Oh America, Where Art Thou?
After the Second World War, our admiration for America was at its height: progress and enlightened ideas set the tone for the entire western world. But the Low Countries’ love of the Land of the Free has gradually been coloured by sorrow and frustration. Or at least, this appears to be the case, based on the many books that have been published in the run-up to the presidential election in November 2020. America-specialist Theo D’haen explains why our affection for the United States has cooled.
Bjӧrn, Monika, Rudi and Steven are sad, indignant, even angry. America has betrayed them. Yet, they still hanker for it like never before. I remember feeling those feelings, those frustrations. They belong to the generation born in the years 1940-1960 – the baby-boomers. For them, the siren song of the Statue of Liberty was loud and clear. What has happened to destroy the admiration the Flemish and Dutch of the post-war era had for the United States and twist it into the despair and even horror described in The Length of an Ocean: Voices and Moods in America (De lengte van een ocean: stemmen en stemmingen in Amerika) by Björn Soenens (VRT – American correspondent); in Americans: It Could Have Been So Great (Amerikanen: Het had zo mooi kunnen zijn) by Steven De Foer (Journalist, De Standaard); in The Torn-Apart States of America (De Verscheurde Staten van Amerika) by Rudi Rotthier (journalist and travel writer); and in The Other America: In the Shadow of Trump (Het andere Amerika: in de schaduw van Trump) by Monika Triest (Emeritus professor of Women’s Studies)?

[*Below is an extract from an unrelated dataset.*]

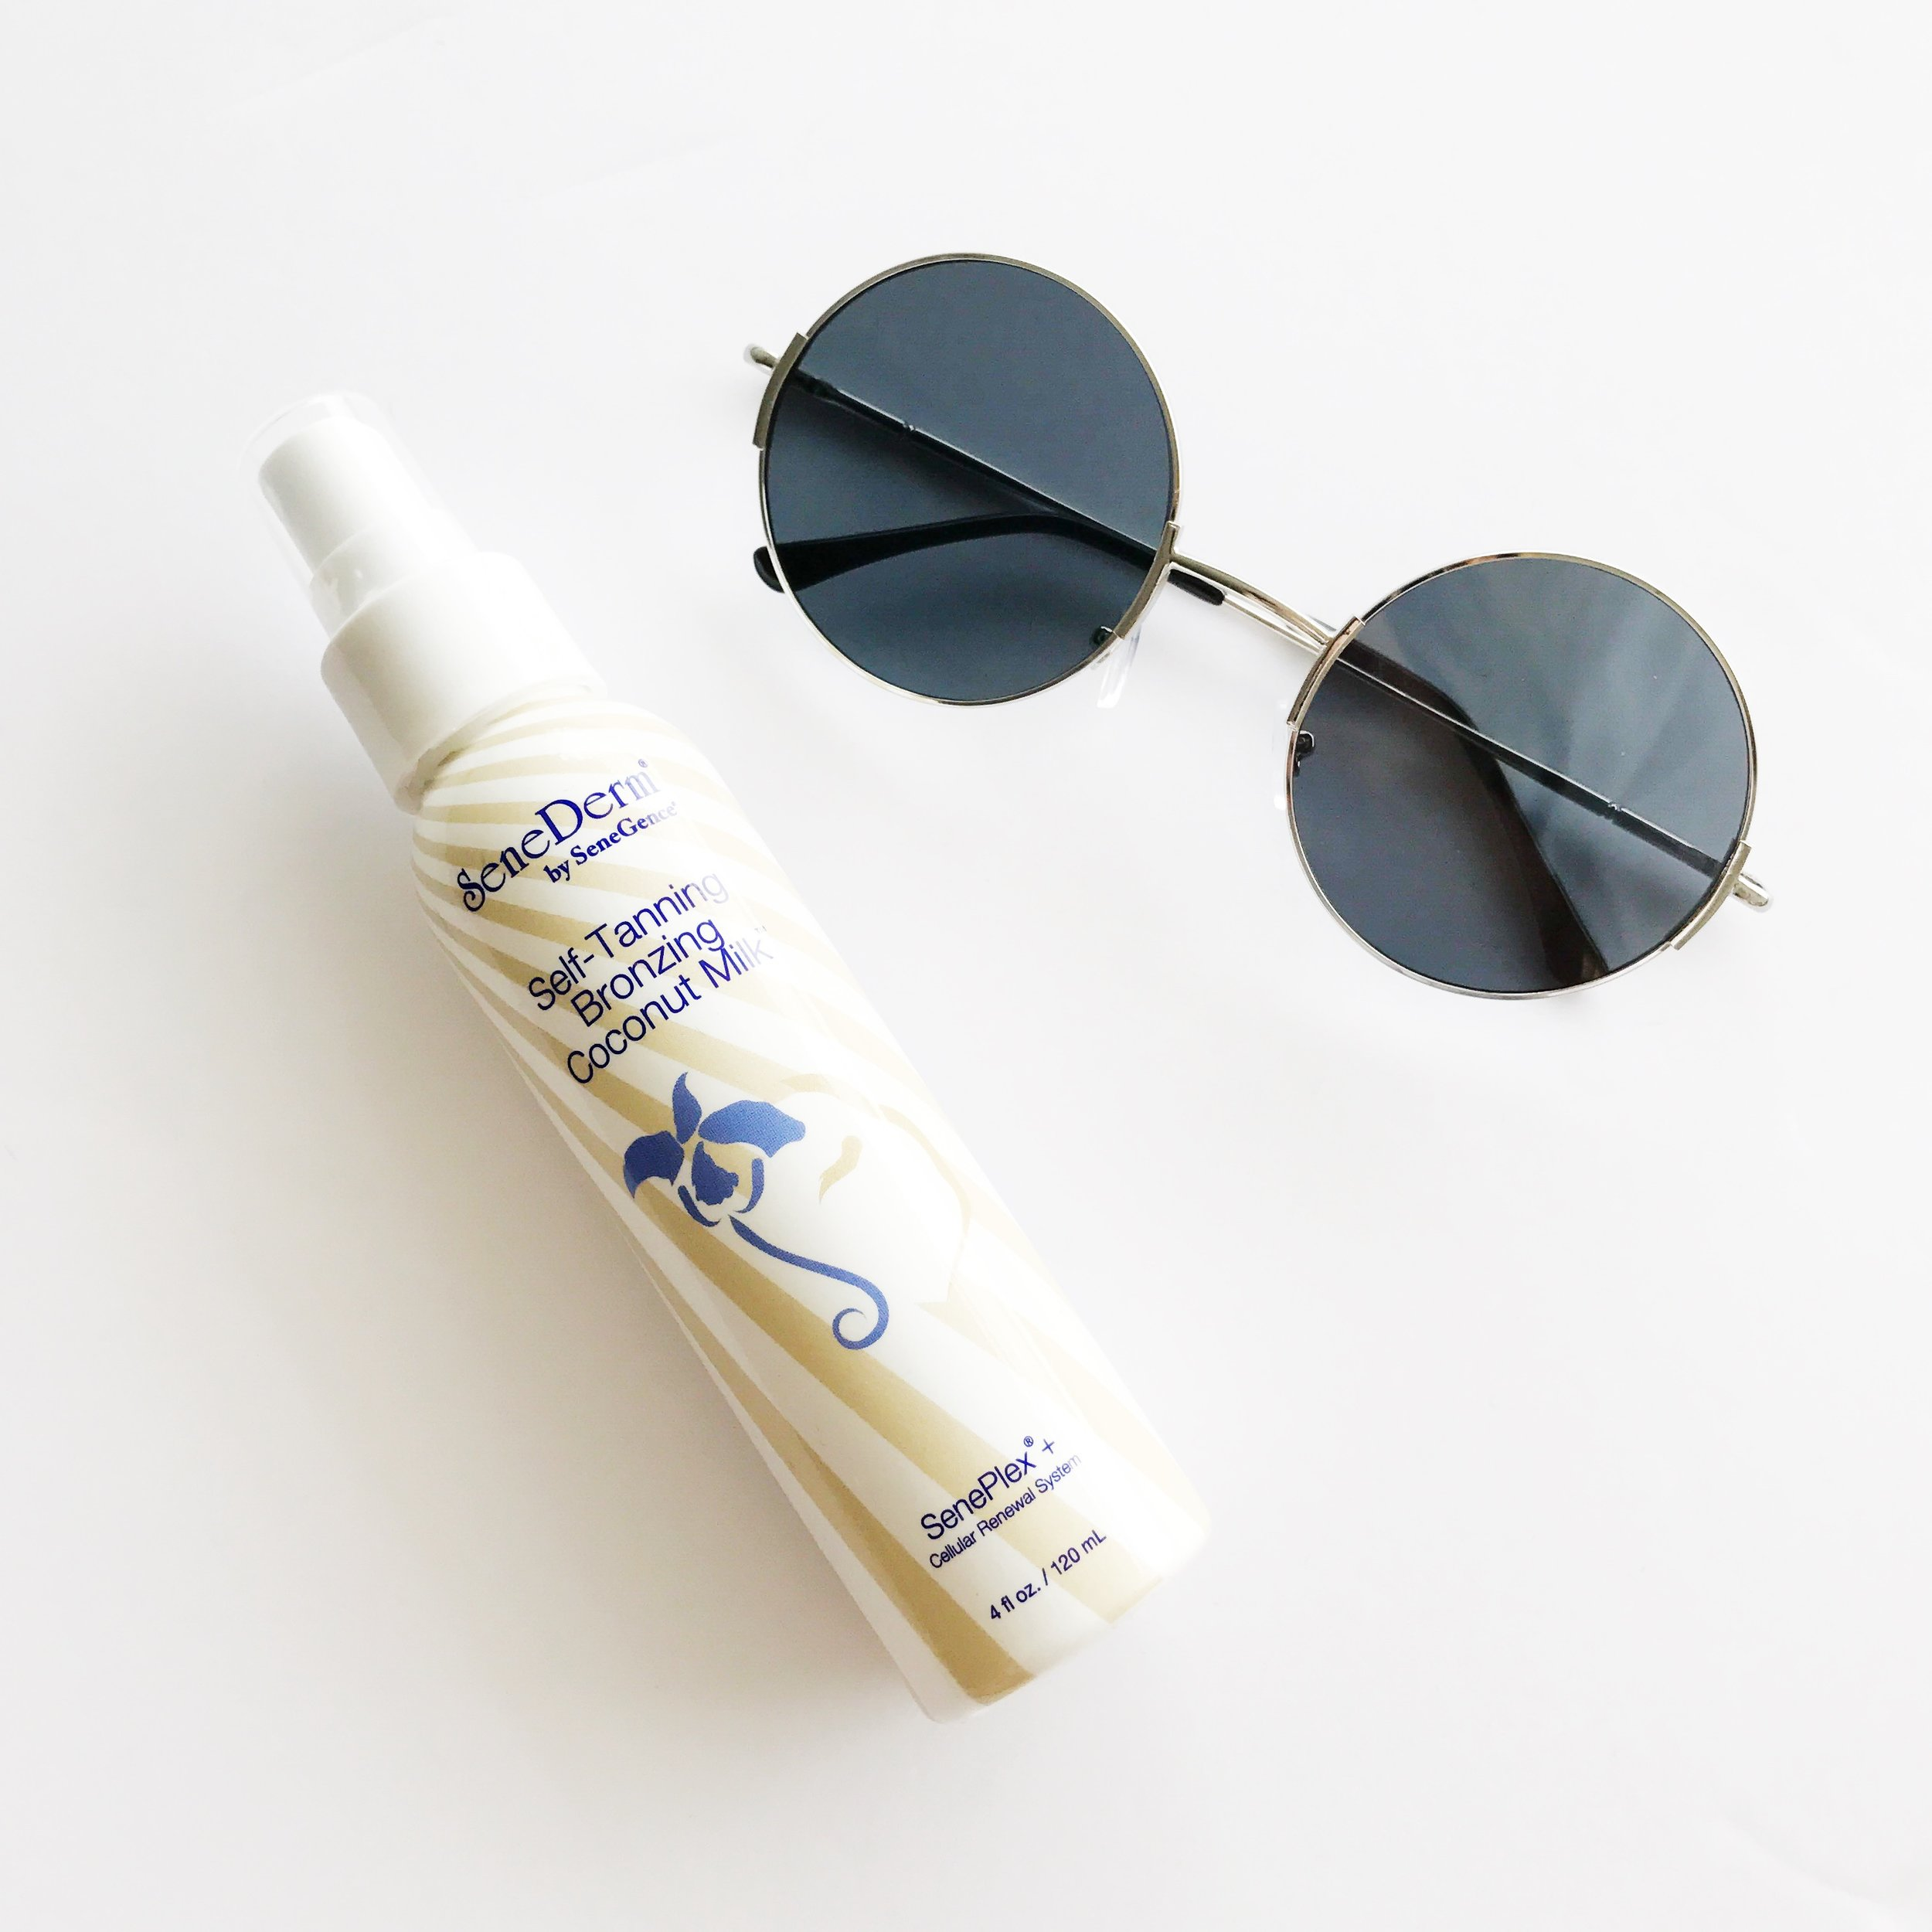 - Order your Self Tanning Bronzing Coconut Milk

Is it Trump? Or is Trump a “sort of Frankenstein’s monster, created out of the worse parts available from a graveyard with a bad reputation,” as De Foer calls him; just a symptom of everything that has gone wrong in America lately? It is no accident that these four books – incidentally, only a small part of the cartload of books on the same theme – have appeared in the run-up to a presidential election that, without exaggeration, can be described as determining the fate of the United States, and perhaps the entire world.
Happy Days in the 1950s
America was so progressive and beautiful in the post-war years. We can see that in The Voice of America (De Stem uit Amerika) the weekly radio programme featuring Dr. Jan-Albert Goris, better known as the writer Marnix Gijsen; in the popular History of North America (Geschiedenis van Noord-Amerika) by Jaap ter Haar and in scholarly works such as Example in the Distance (Voorbeeld in de verte) by J.W. Schulte Nordholt. The United States was the uncontested leader of the “free West” politically and militarily, but also economically and culturally. Popular television programmes such as Father Knows Best, Margie, Dennis the Menace, Lassie and The Dick van Dyke Show
illustrated a world that was white, suburban, middle class and firmly anchored in WASP (white, Anglo Saxon Protestant) family values.

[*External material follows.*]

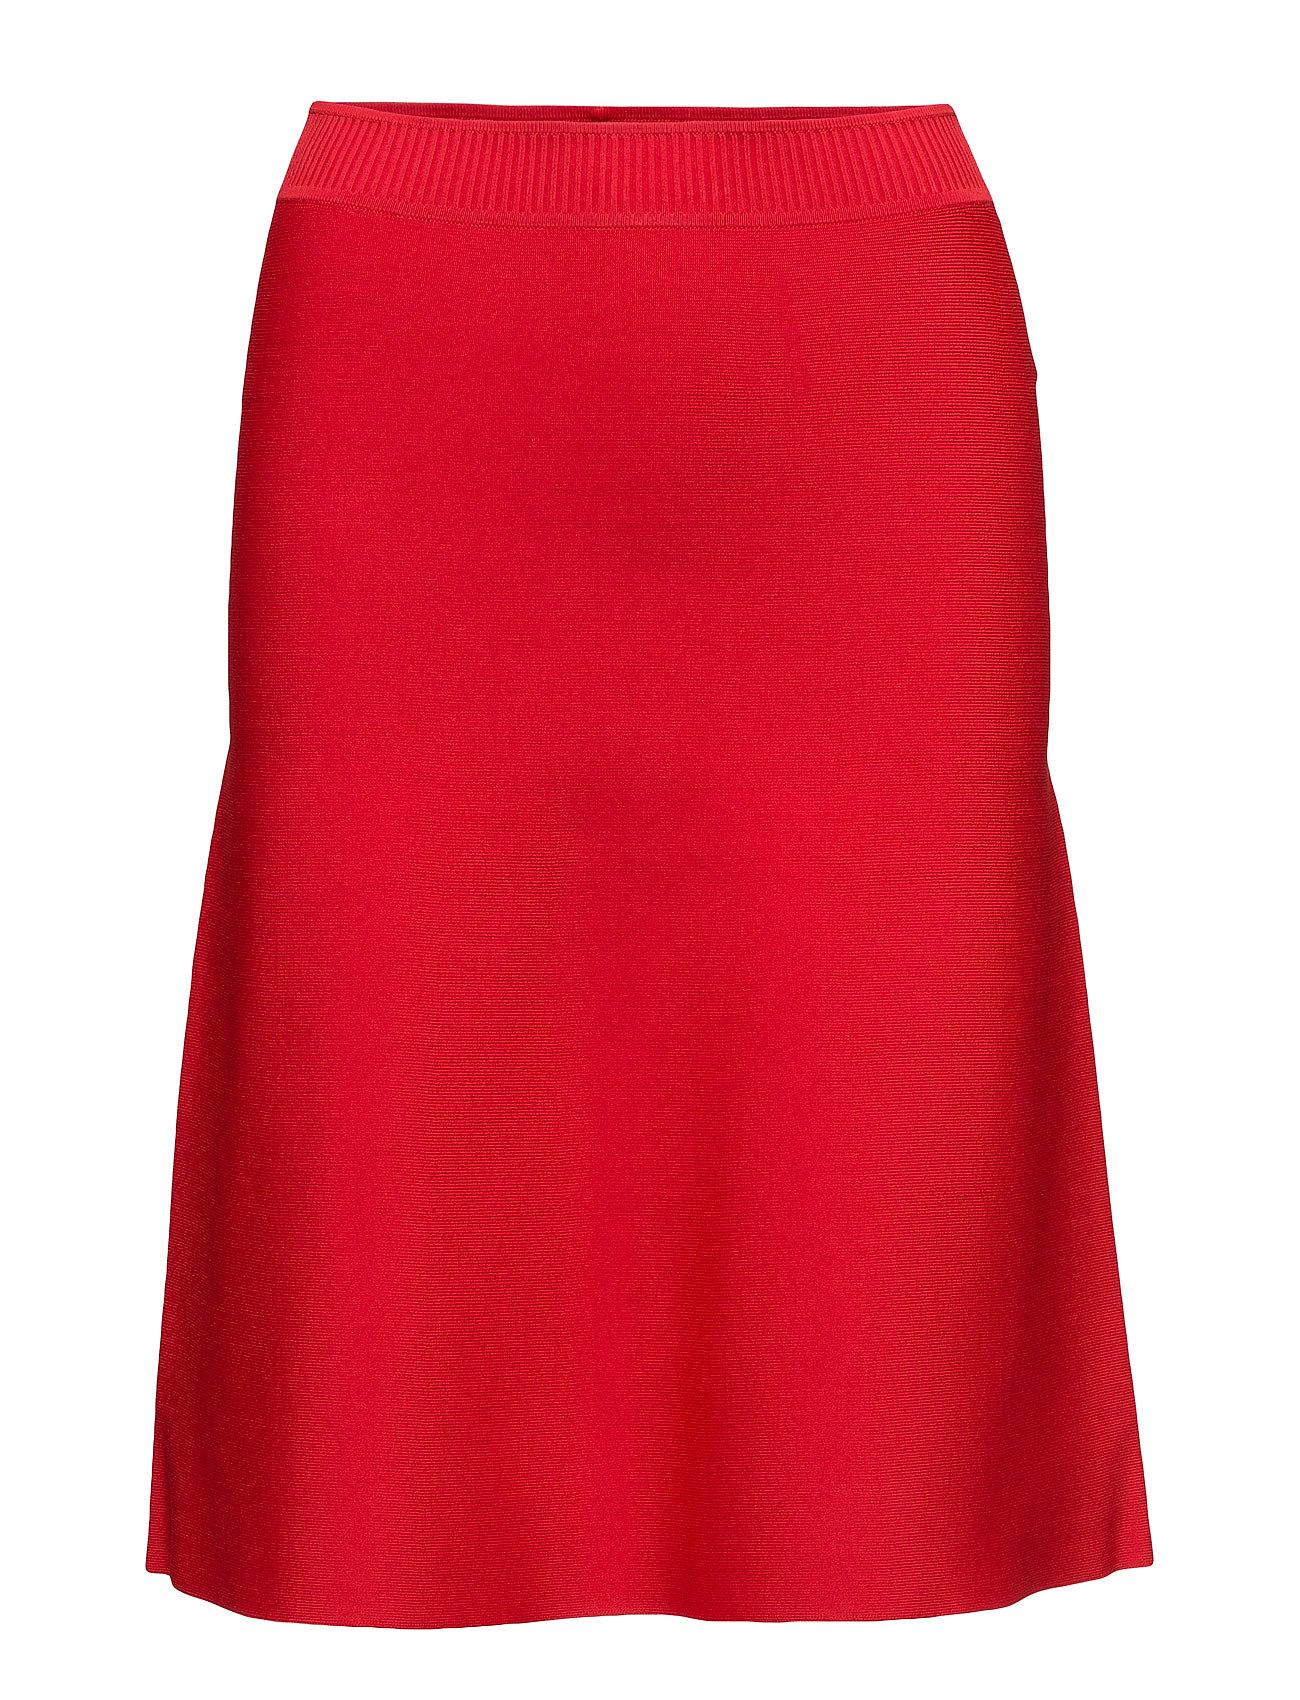 Dull rayon knit a-line flare skirt fra t by alexander wang på boozt.com dk

In that America everything was more modern, more efficient, better, shinier than in Europe. I visited the United States for the first time in 1972. In New York I stayed for a few days in the heart of Manhattan. It was the end of August, stiflingly hot. I barely dared to go out on the streets: too big, too busy, too loud. Everything I had read about, and more – overwhelming! This was the future. Every house boasted a refrigerator, a dishwasher, a washing machine and dryer and a collection of household gadgets that most people in Europe had never even heard of. And in the driveway of every house one or more cars and a basketball hoop. When Trump said he wanted to make American great again he was hearkening back to the Reagan era. Reagan himself wanted to return to the America of Eisenhower and the 1950s. Happy Days! American Graffiti! And to the superficial and flattering image that we in Western Europe had of America until the 1970s. Since then, that image has been gradually, but significantly, tarnished. And it is the new, negative image that pervades the books by Soenens, De Foer, Rotthier and Triest.

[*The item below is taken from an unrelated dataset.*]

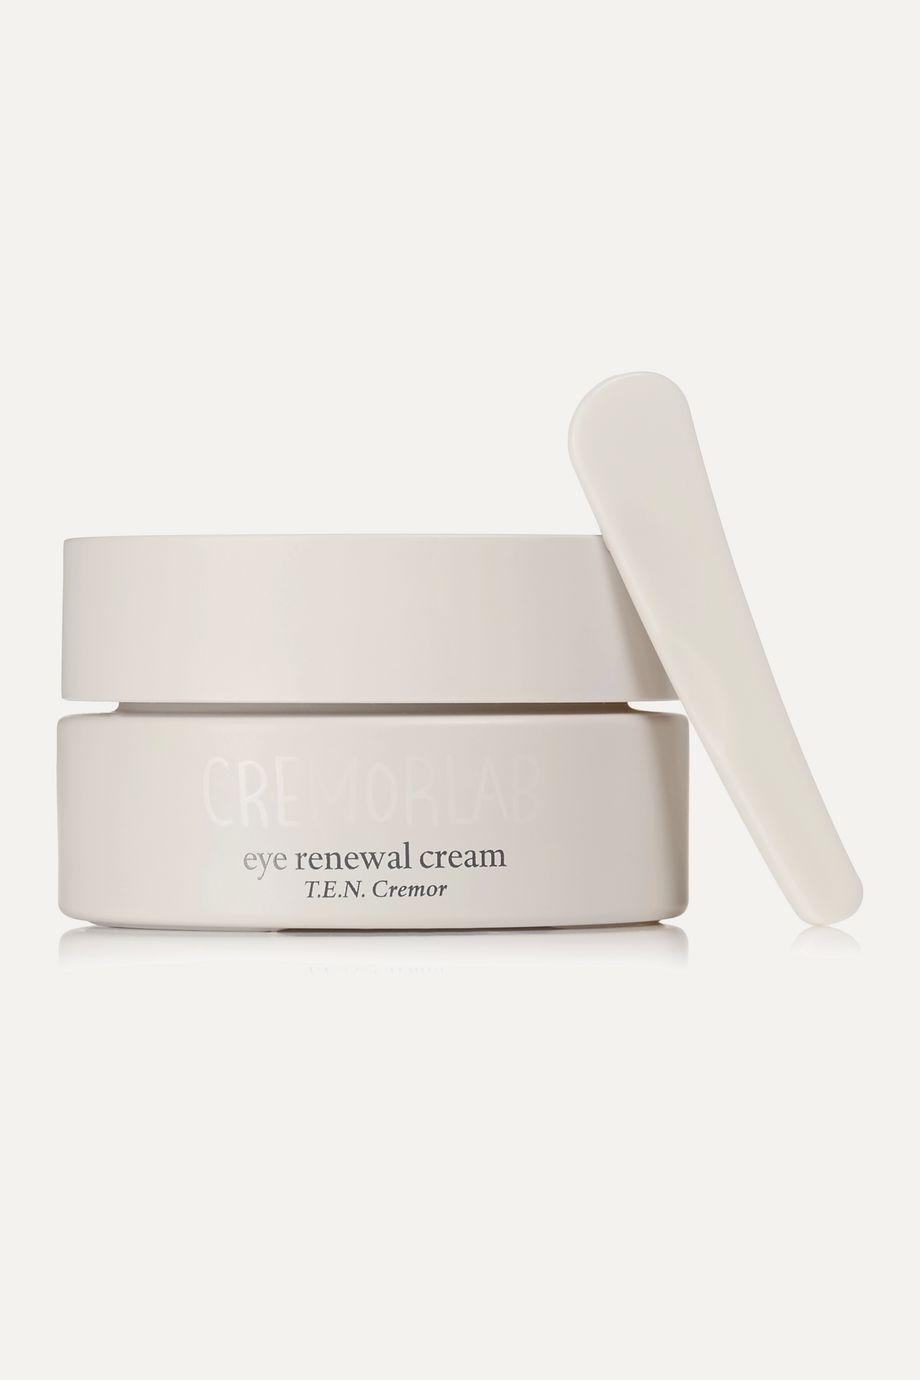 Cremorlab T.E.N Cremor Eye Renewal Cream, 25ml

The dwindling middle class
The globalisation initiated by Reagan with his Reaganomics, deregulation and unimpeded free trade destroyed hundreds of thousands of jobs in the industrial heartland of America. It caused the demise of Detroit and the emergence of the Midwestern “rust belt,” the very region from which Reagan hailed. Sustained periods of disinvestment in public goods led to the progressive deterioration of the nation’s infrastructure, poor and expensive education, a shameless right-leaning media, faltering Democratic institutions and, under Trump, a revival of the simmering racial inequalities we thought had been laid to rest under Obama. It was an invitation to downright criminal malpractice. Both De Foer and Soenens use the example of Flint, Michigan where, in 2014, the public water supply was connected by order of the governor, to a nearby, heavily polluted river. Very soon, all sorts of health problems appeared. And it’s no coincidence that Flint is a substantially black city. The governor of Michigan at that time was white and Republican.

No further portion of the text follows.